Unravelling `tf.einsum`

Origin Story#

Recently, I was trying to disect the original DCNN Paper which utilized a diffusion kernel to more readily make use of implicit graph-structure in common tasks such as node, edge and graph classification. However, an existing implementation I fonund had a curious piece of notation which led me down the rabbithole of Tensor calculus.
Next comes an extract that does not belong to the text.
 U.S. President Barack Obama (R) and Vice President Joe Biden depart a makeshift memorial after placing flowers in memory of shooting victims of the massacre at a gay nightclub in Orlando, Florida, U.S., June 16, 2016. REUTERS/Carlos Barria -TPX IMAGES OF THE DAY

Coordinates are maps used to solve a given problem. A coordinate transform allows mapping from one frame of reference to another (converting from a map of your high school, to the location of your high school in reference to where it is in the city, compared to a country-wide map).

To say a number is a sclar means that the value does no change when transformed from one coordinate system to another (e.g. the distance between two points on a flat plain is irrespective of where true north is).
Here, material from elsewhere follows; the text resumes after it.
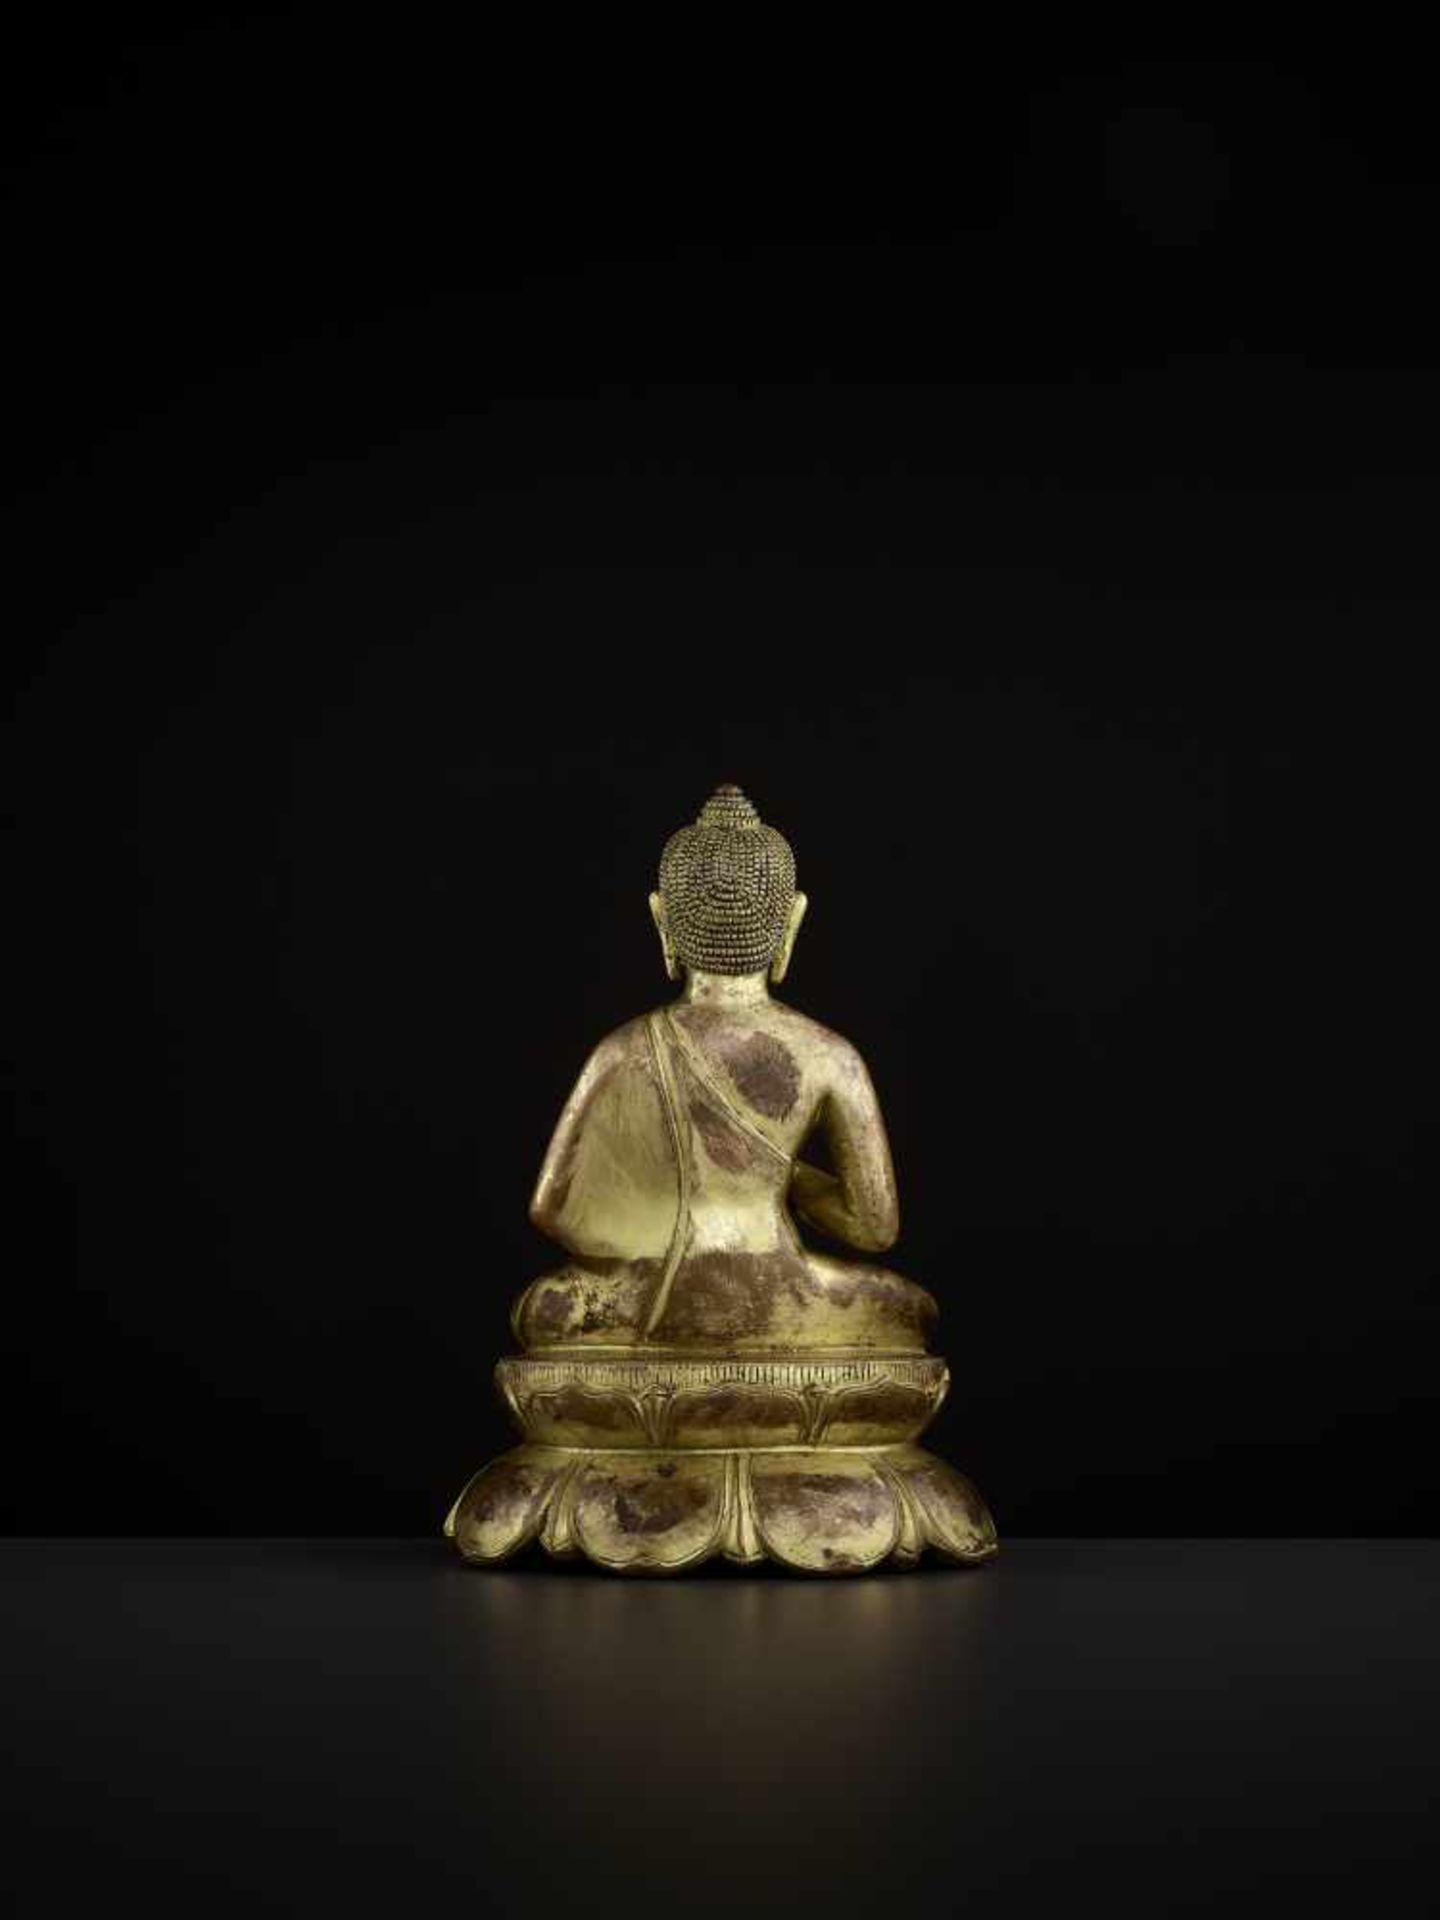 A BUDDHA AMOGHASIDDHI, NEPAL 17TH CENTURY The heavily cast gilt copper-alloy figure is seated in - Image 6 of 14

A vector is directional, and can be formed on the basis of the reference set of coordinates. For example, a vector between your home and the nearest fire-station can be broken down into a sum of north- and east-facing vectors.

Tensors#

A tensor describes the superset of transformations which include scalars and vectors:

  • $0$-tensors are constant functions, which we identify as scalars
  • $1$-tensors are linear functions, which we call vectors
  • $2$-tensors are bilinear functions, which we call matrices

A Tensor describes any general transformation, independent of any basis function between sets of algebraic objects related to a vector space


Back to the paper, there was a particular function which claimed to do batch matrix multiplication:

tf.einsum('ijk,kl->ijl', A, B)

where $A$ was the diffusion kernel and $B$ was a feature vector (and tf was tensorflow). So $A$ would have dimensions (batch_size, m, n) and $B$ would have dimensions (n, k), where:

  • batch_size: number of nodes to process in a given batch (for model trainining)
  • n: number of features
  • m: number of nodes
  • k: number of “hops”

Ignoring the technicalities of the paper and the actual definitions above, I wanted to know what the actual heck this strange einsum function was trying to do

Einstein Summation#

Enter Einstein summation: In “Einstein” summation, the repeated index defines what we sum by, the expression must have a repeated index, so: $$ \sum_{i=1}^n = a_1x_1 + a_2x_2 + … + a_nx_n \equiv a_ix_i $$ is valid. But $a_{ij}x_k$ is not, whilst $a_{ij}x_j$ is: $$ a_{ij}x_j \equiv a_{i1}x_1 + a_{i2}x_2 + … + a_{in}x_n $$

Double sums are handled as follows, for example summation on both $i$ and $j$: $$ a_{ij}x_iy_j $$

In the einsum function, the first argument ijk,kl->ijl signified summation on the $k^{th}$ dimension


Now that I understood what the notation meant, I wanted a better grasp on the actual mechanics behind the function. Using synthetic Tensors as follows:

k = 2
batch_size, m, n = None, 4, 2
init = tf.random.uniform(shape=(m, n), minval=0, maxval=16, dtype=tf.int32)
A = tf.Variable(init)
A = tf.expand_dims(A, 0)
A
<tf.Tensor: shape=(1, 4, 2), dtype=int32, numpy=
array([[[14,  4],
        [ 4, 12],
        [ 9, 13],
        [ 0, 13]]], dtype=int32)>
init = tf.random.uniform(shape=(n, k), minval=0, maxval=16, dtype=tf.int32)
B = tf.Variable(init)
B
<tf.Variable 'Variable:0' shape=(2, 2) dtype=int32, numpy=
array([[3, 9],
       [5, 1]], dtype=int32)>

tf.matmul#

Here is where I used the two prior defined Tensors to basically see what would happen. It was also at this point I realised that TensorFlow 2 now included a function matmul which essentially did the same!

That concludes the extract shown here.